Wilfred Thesiger himself recounted his motives as followed, "For me, exploration was a personal venture. I did not go to the Arabian desert to collect plants nor to make a map; such things were incidental. At heart I knew that to write or even to talk of my travels was to tarnish the achievement. I went there to find peace in the hardship of desert travel and the company of desert people. I set myself a goal on these journeys, and, although the goal itself was unimportant, its attainment had to be worth every effort and sacrifice[...] Everyone knew that there was nothing to be found on the top of Everest, but even in this materialistic age few people asked, "What point is there in climbing Everest? What good will it do anyone when they get there" They recognized that even today there are experiences that do not need to be justified in terms of material profit. No, it is not the goal but the way there that matters, and the harder the way the more worth while the journey. Who, after all, would dispute that it is more satisfying to climb to the top of a mountain than to go there in a funicular railway?
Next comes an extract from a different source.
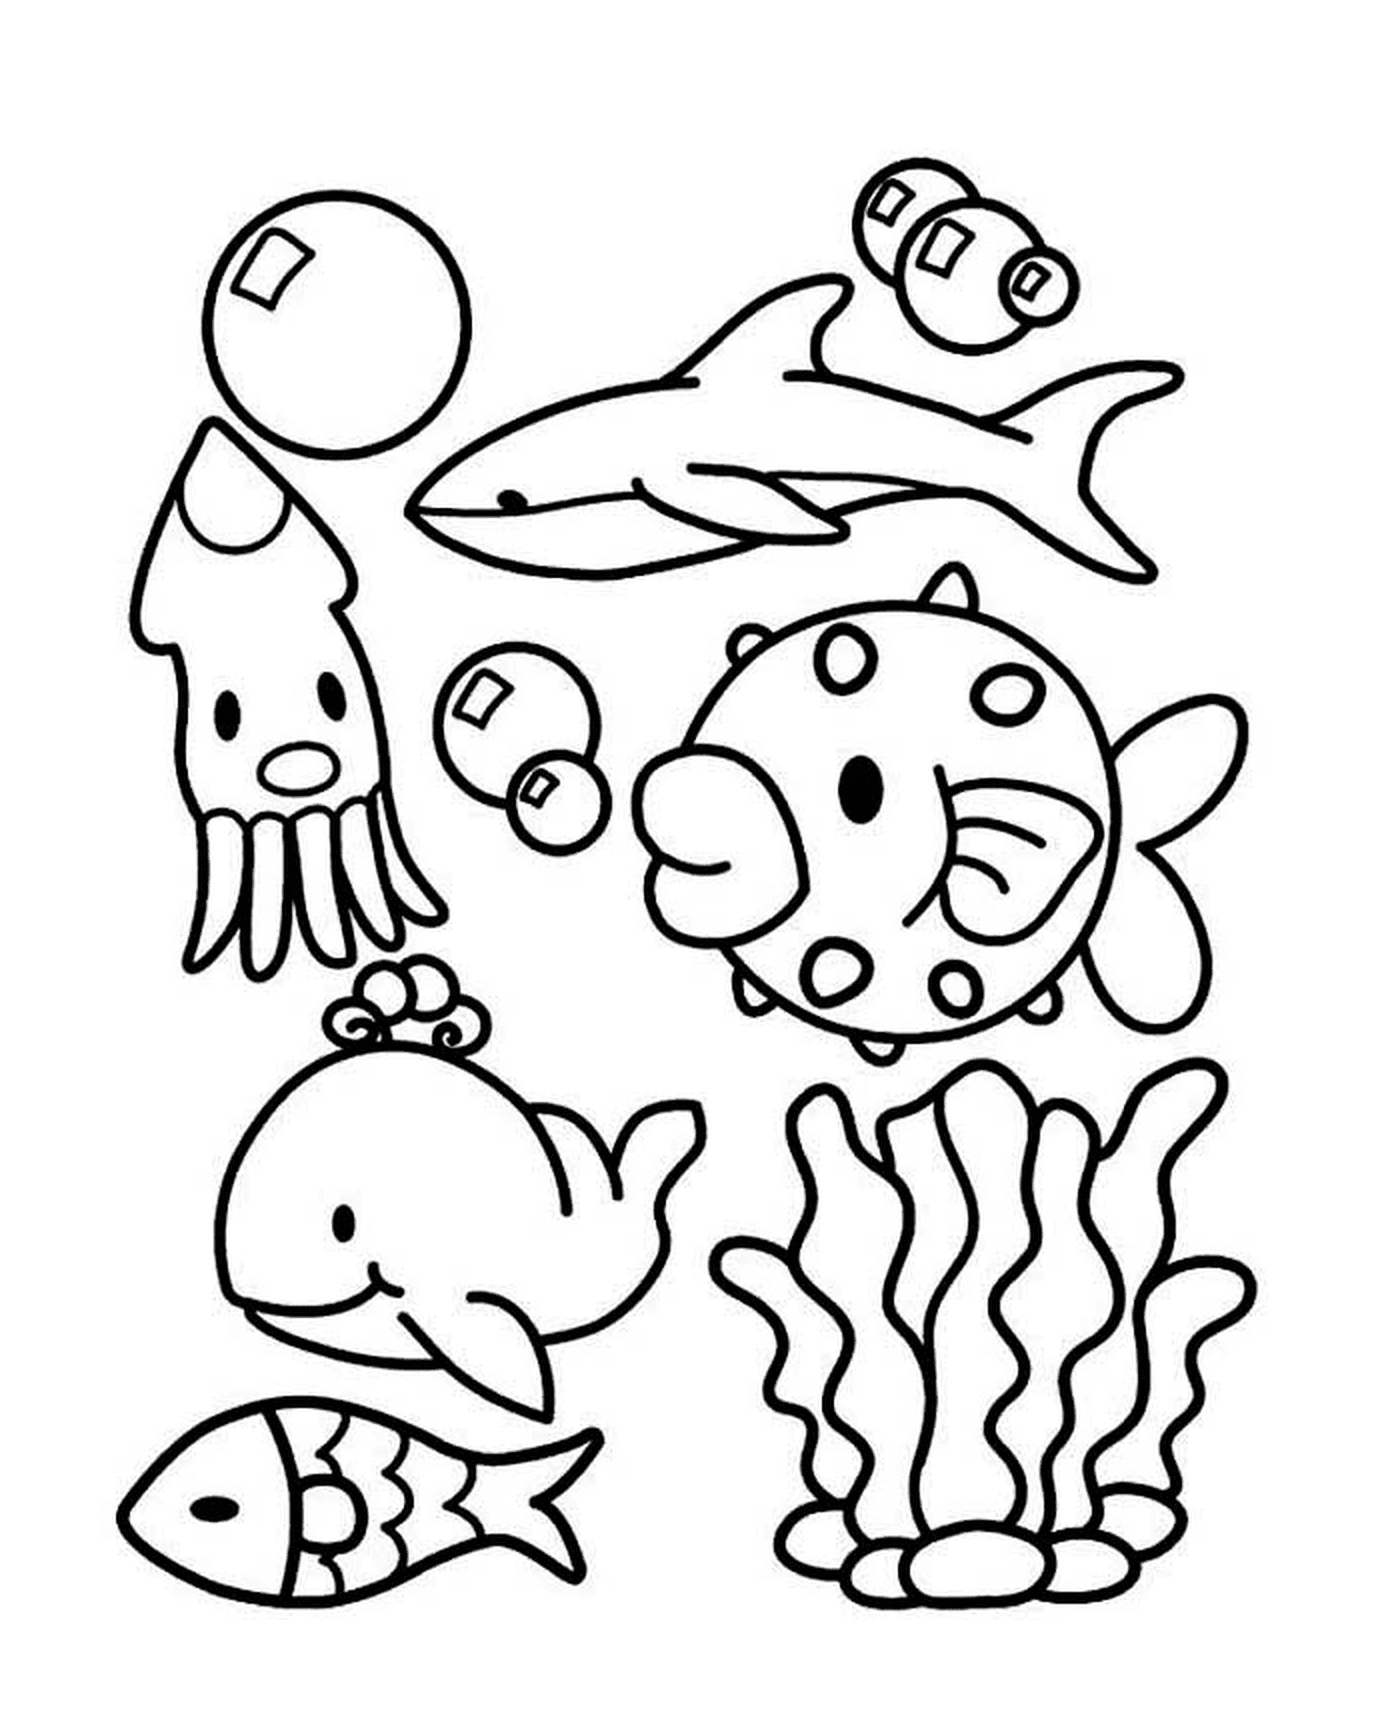  Un grupo de animales marinos en el agua

Perhaps this was one reason why I resented modern inventions; they made the road too easy."
And during the whole journey he praises the desert and the Bedouins, for example, "In the desert I had found a freedom unattainable in civilization; a life unhampered by posessions, since everything that was not a necessity was an encumbrance. I had found, too, a comradeship inherent in the circumstances, and the belief that tranquillity was to be found there. I had learnt the satisfaction which comes from hardship and the pleasure which springs from abstinence: the contentement of a full belly; the richness of meat; the taste of clean water; the ecstasy of surrender when the craving for sleep becomes a torment; the warmth of a fire in the chill of dawn."
And not to forget Thesiger got to know the famous hospitality of the Arabs saying, "I went their with a belief in my own racial superiority, but in their tents I felt like an uncouth, inarticulate barbarian, an intruder from a shoddy and materialistic world. Yet from them I learnt how welcoming are the Arabs and how generous is their hospitality."
Wilfred Thesiger clearly understood that the traditional way of life of the Arabs was close to its end when he noted, "Here in the desert I had found all that I asked; I knew that I should never find it again. But it was not only this personal sorrow that distressed me. I realized that the Bedu with whom I had lived and travelled, and in whose company I had found contentment, were doomed. Some people maintain that they will be better off when they have exchanged the hardship and poverty of the desert for the security of a materialistic world. This I do not believe. I shall always remember how often I was humbled by those illiterate herdsmen who possessed, in so much greater measure than I, generosity and courage, endurance, patience, and lighthearted gallantry. Among no other people have I ever felt the same sense of personal inferiority."
The whole book is a declaration of love for the desert and its inhabitants. When he wanders there I get the impression he searches for the lost paradies; and the Bedounis will take him there.